Pastor’s Mistake #3: Not preaching specific marriage behaviors that indicate RESPECT from the pulpit on a regular basis. At the time, and ever since, I have heard many sermons on marriage. They all cover 1) the ideal Christian marriage, 2) submission and love, either wives to husbands, or each spouse to the other, and 3) the evils of divorce. Abusive husbands are MASTERS  at using all or parts of these sermons to hammer their wives with their wifely failures. And abused wives are MASTERS at clinging even more to the HOPE that one day that is the way their marriages will be, and trying even HARDER to be the kind of wife that will make it happen (by submission, patience, self control,  walking by faith rather than sight, and a thousand other Biblical recommendations). Which fuels the cycle of abuse. She tries to be perfect; he abuses.  Instead, sermons need to set a specific standard of NO EXCUSES for men – that yelling, tantrums, pushing, shoving, name calling, regarding their wives concerns as less important than theirs, not listening to their wives’ counsel, being sexually insensitive, controlling or manipulating with money, isolating wives from family or friends, belittling, insulting, and using humor that isn’t funny to both parties – are all ABUSE and are all SIN. AND that the saying “I’m not perfect, just forgiven” does not apply here. Simply addressing the evils of divorce without such specific teaching is like applying a band-aid to a limb severed because no one teaches that saw blades are sharp.

For consideration:

2 Corinthians 5:7 (NIV)  For we live by faith, not by sight.
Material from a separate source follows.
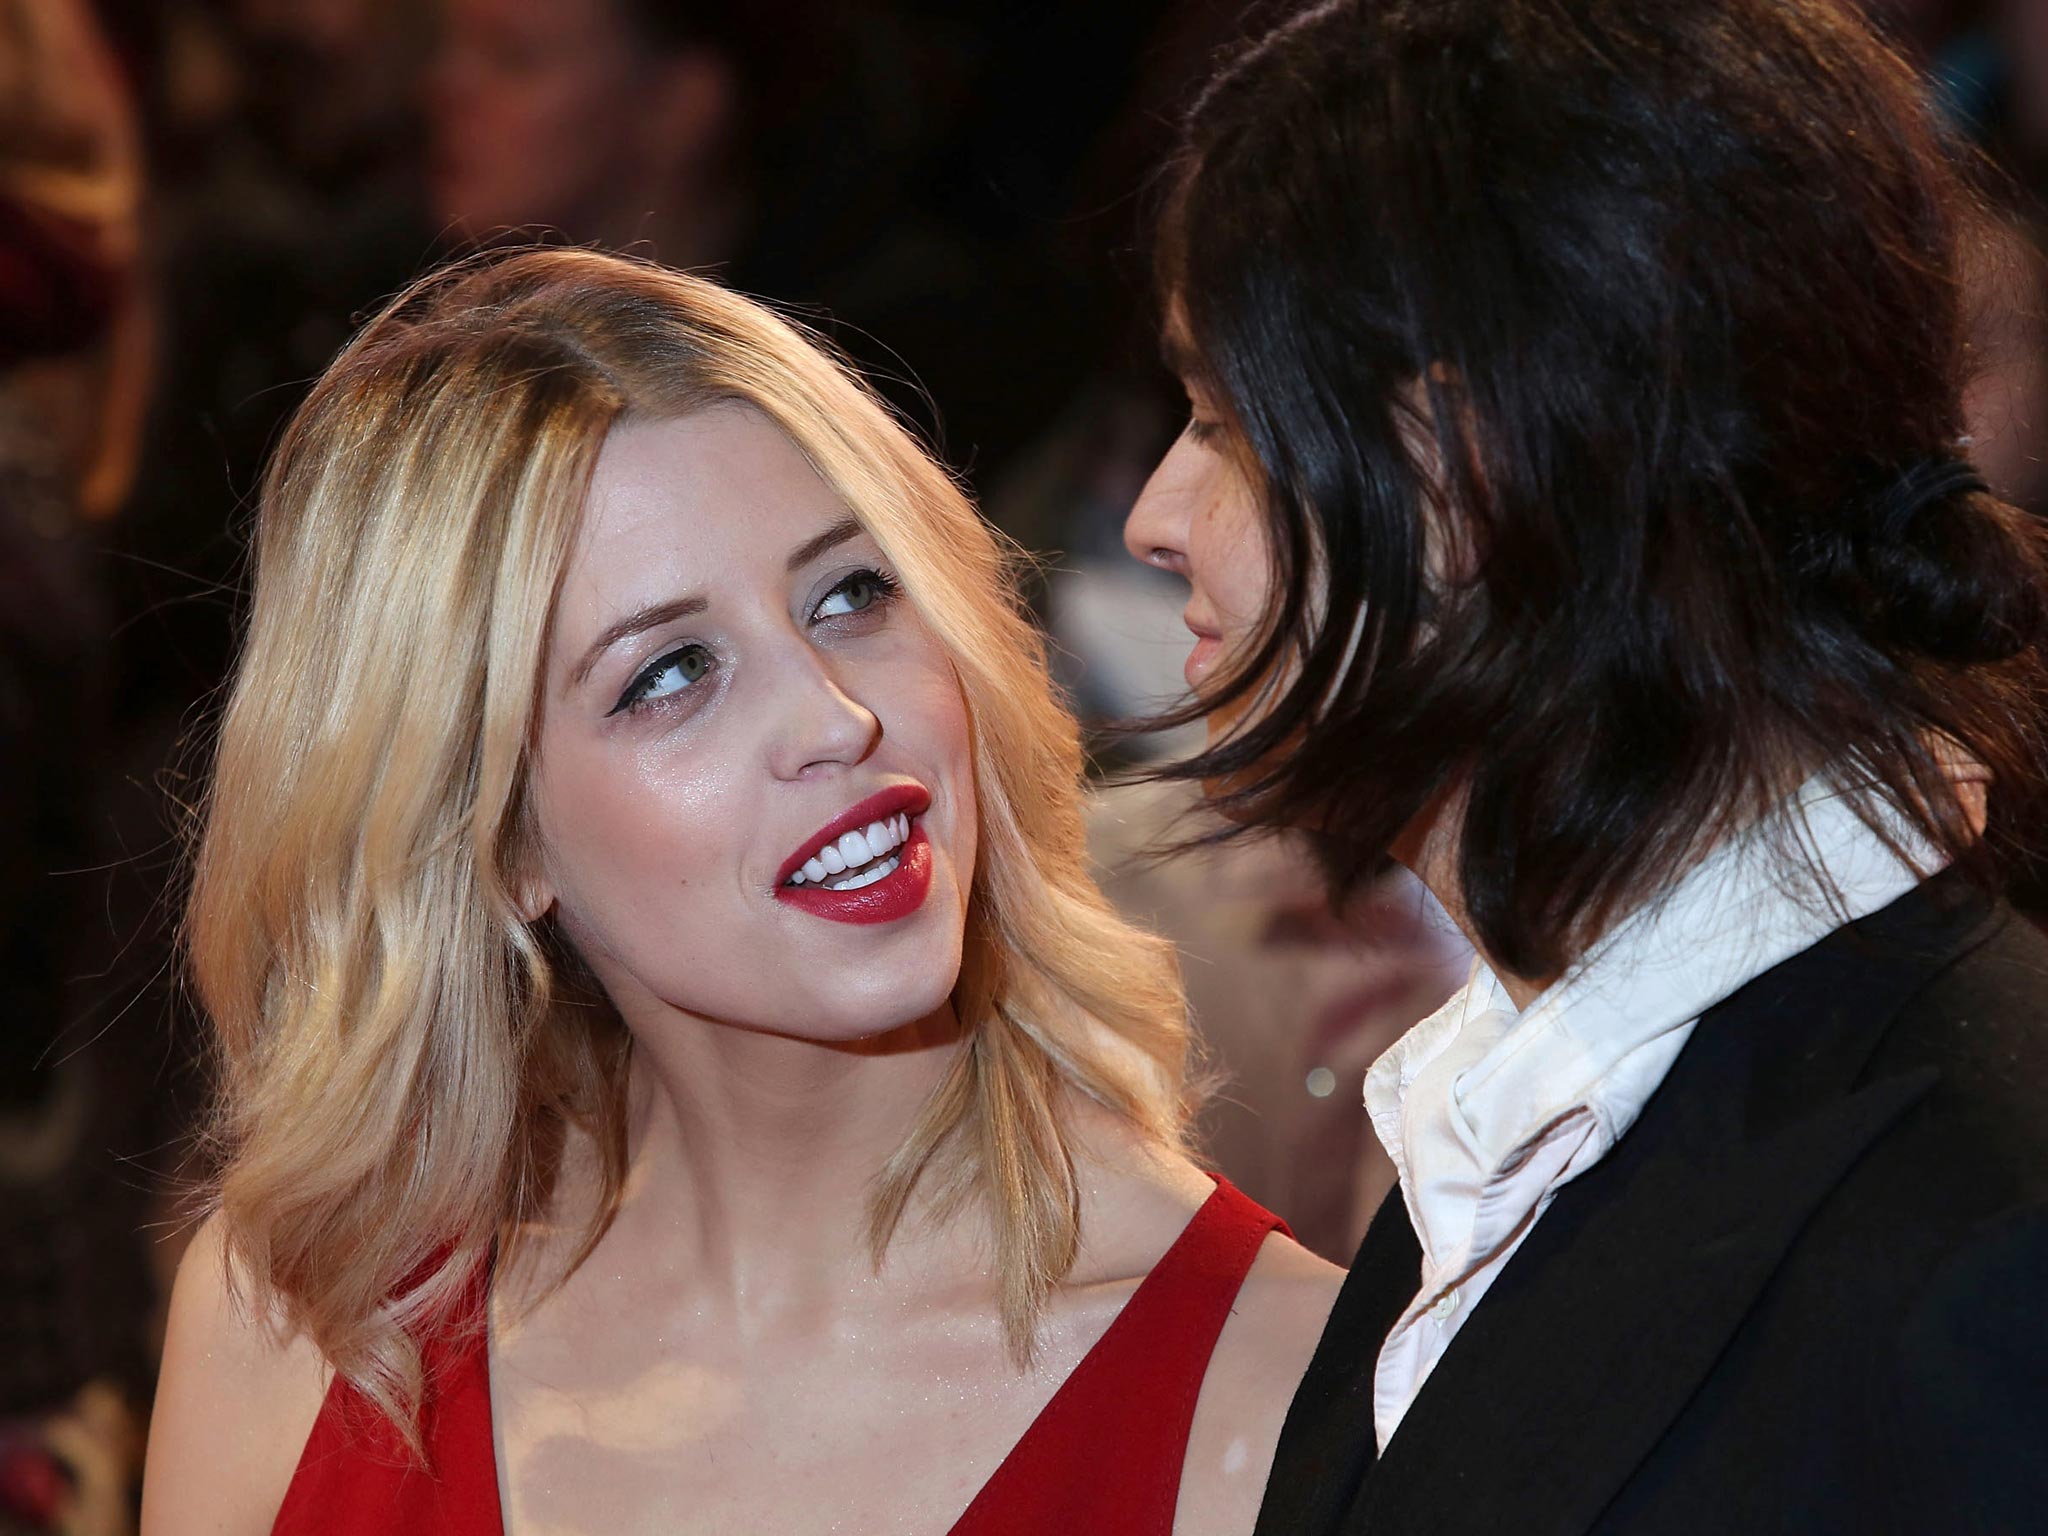 Peaches Geldof's Body Released to Family for Funeral
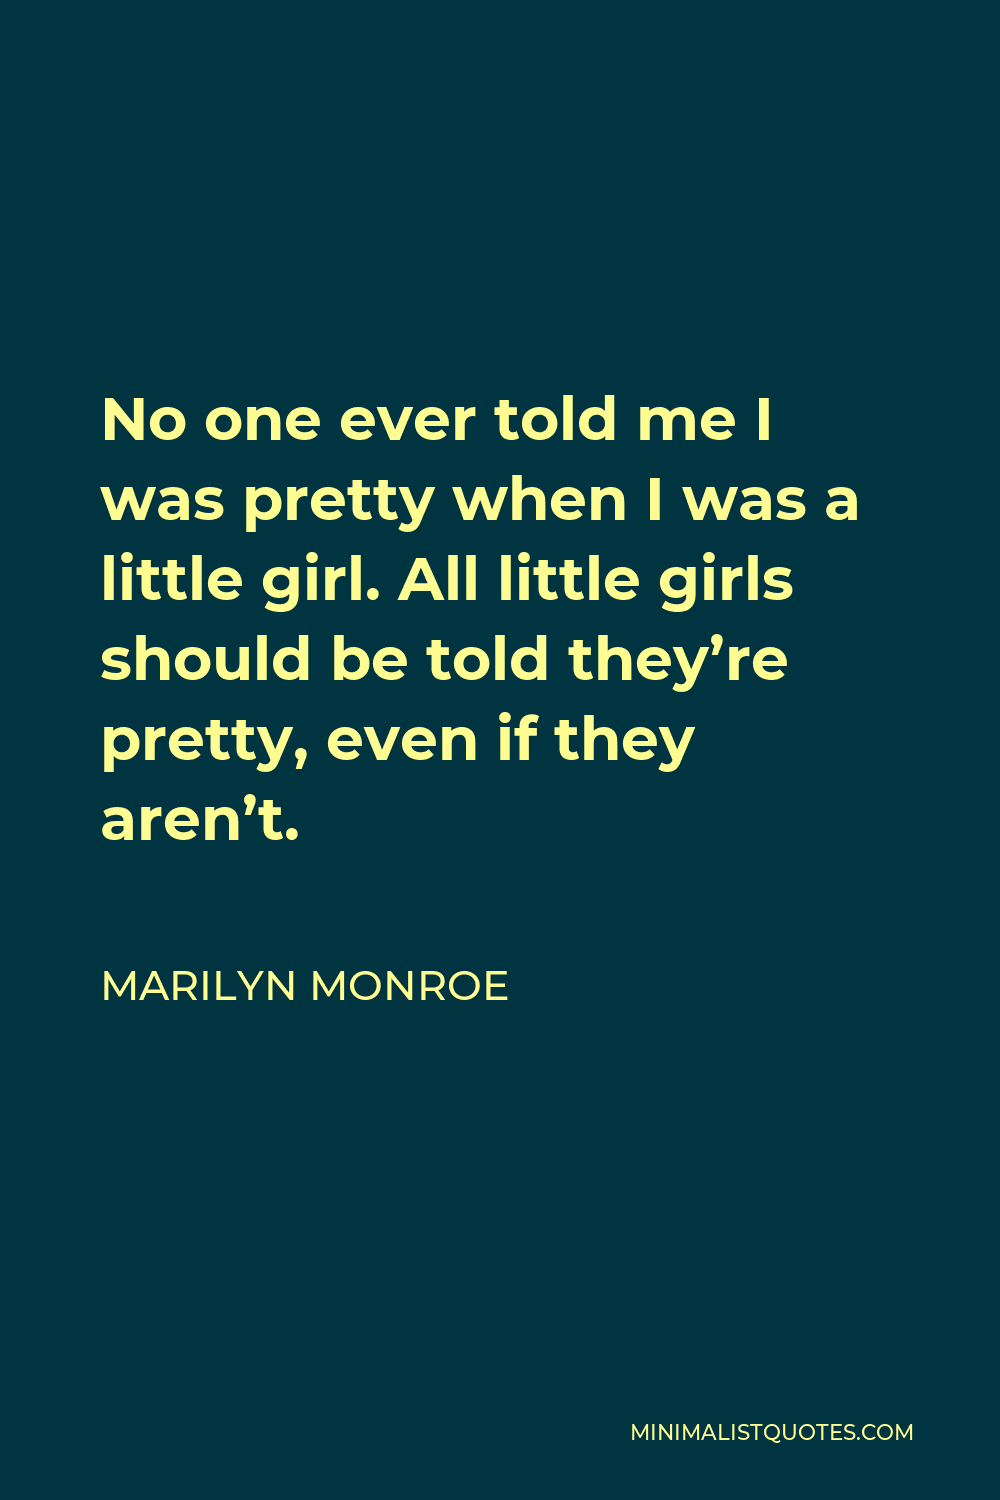 Marilyn Monroe Quote - No one ever told me I was pretty when I was a little girl. All little girls should be told they’re pretty, even if they aren’t.

Ephesians 5:21-24 (NIV) Submit to one another out of reverence for Christ.  Wives, submit yourselves to your own husbands as you do to the Lord.  For the husband is the head of the wife as Christ is the head of the church, his body, of which he is the Savior. Now as the church submits to Christ, so also wives should submit to their husbands in everything.

This is pretty definite. Submit as you do to the Lord. I’d say submission to the Lord would be pretty unconditional. So what if the husband is harsh, mentally ill, or even evil? If a Christian, lay or pastor,  quotes this to an abused Christian woman, who is desperate not to lose God’s favor, what is he/she actually telling her to do? If she does submit unconditionally, does God really provide special protection for her and their children’s lives, health, FAITH? Are you sure? Have you ever seen it work that way?

Would the verses above apply to letting a drunk husband take a young child fishing? Or to continuing hope for a healthy marriage?